* _Given information_
════════════════

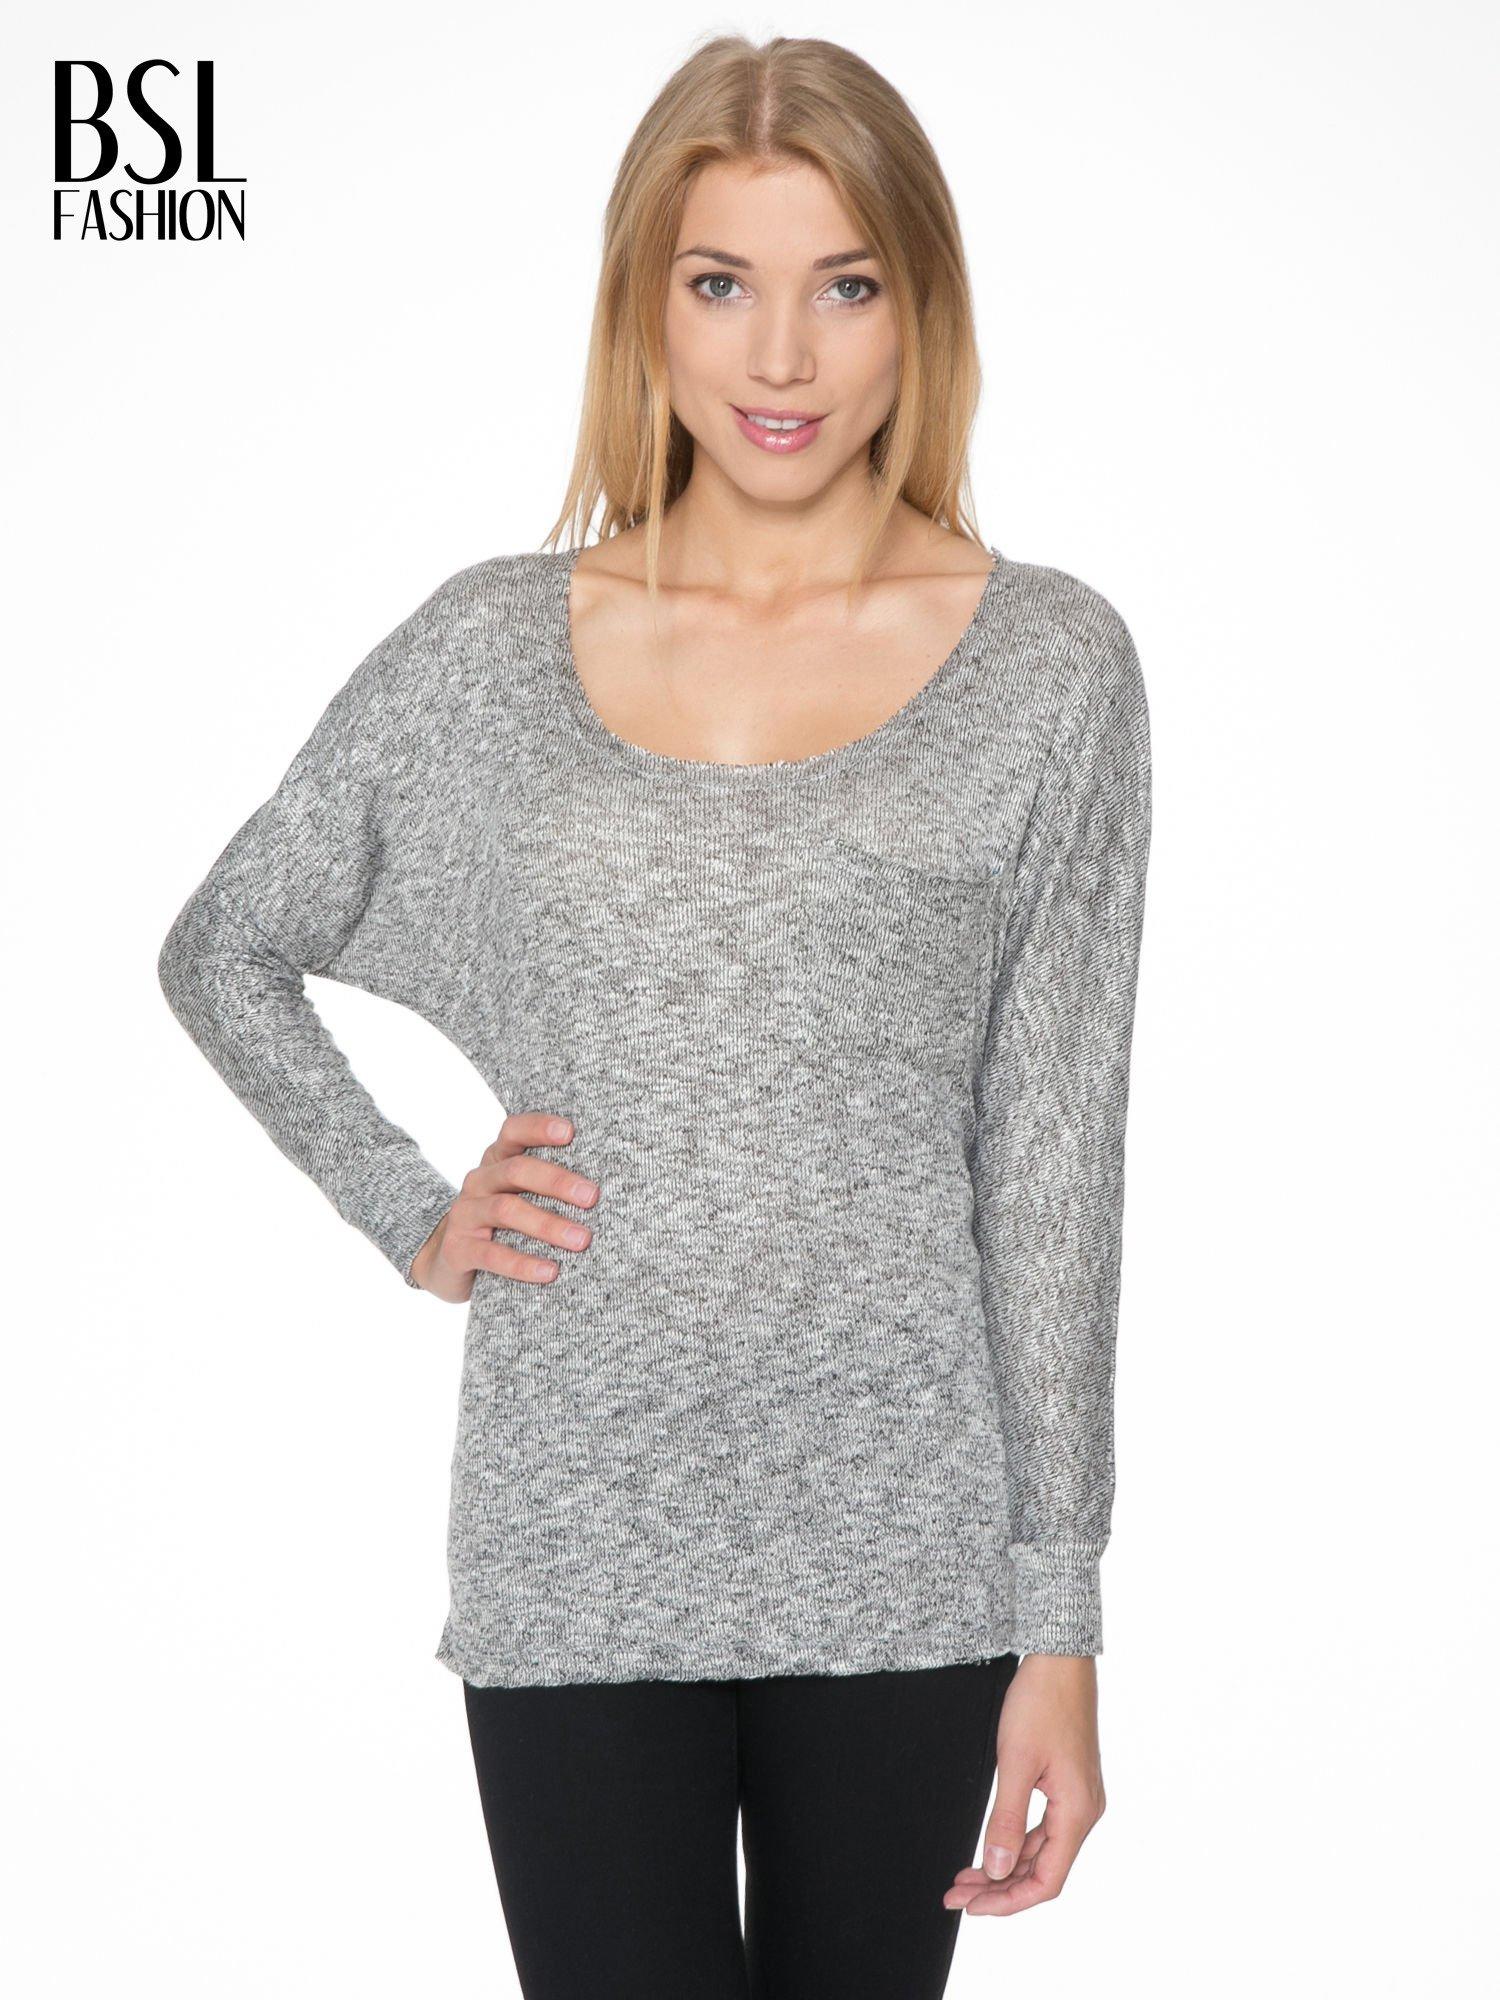 Szary melanżowy sweterek o luźnym kroju z kieszonką                                  zdj.                                  1
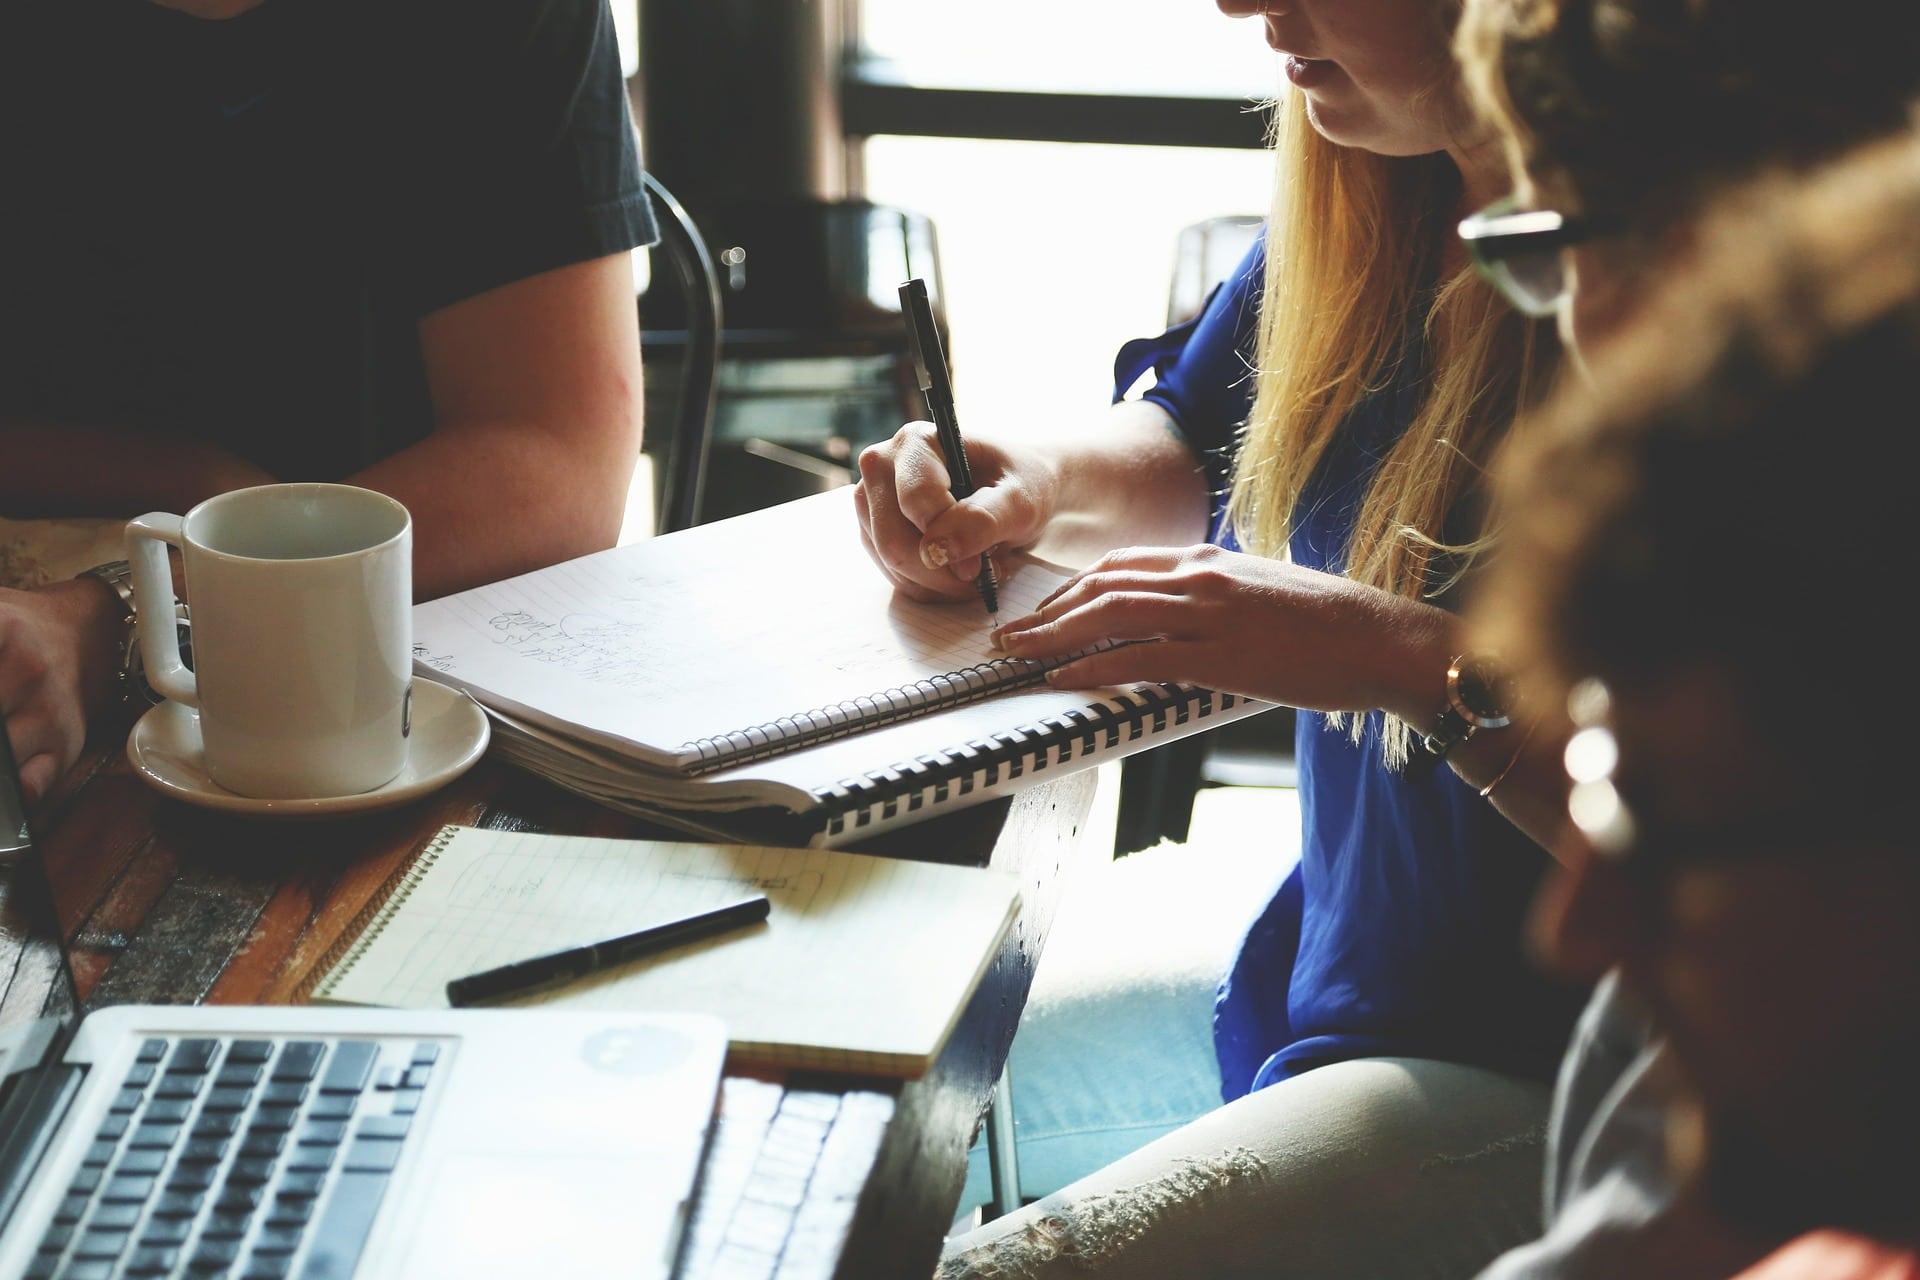 webinaire sur la formation des talents en entreprise
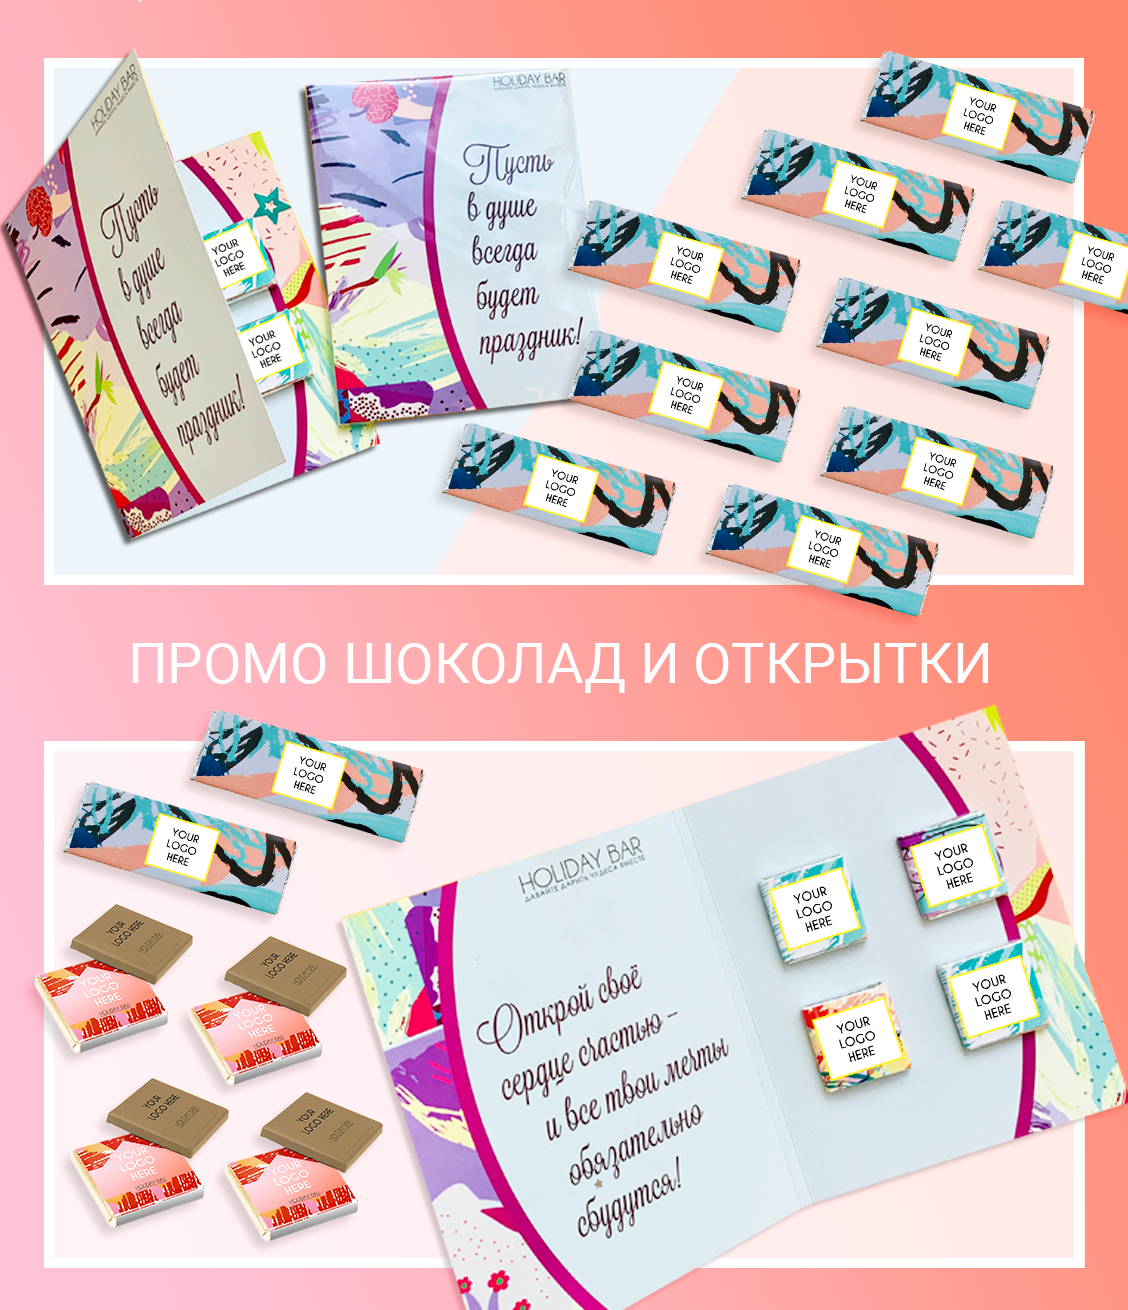 Промо шоколад и открытки

════════════════

* _About this task_
Nothing but the text of the listing should be set down, exactly, with the pictures left behind.

* _Written solution_
 Szary melanżowy sweterek o luźnym kroju z kieszonką                                  zdj.                                  1
 webinaire sur la formation des talents en entreprise
 Промо шоколад и открытки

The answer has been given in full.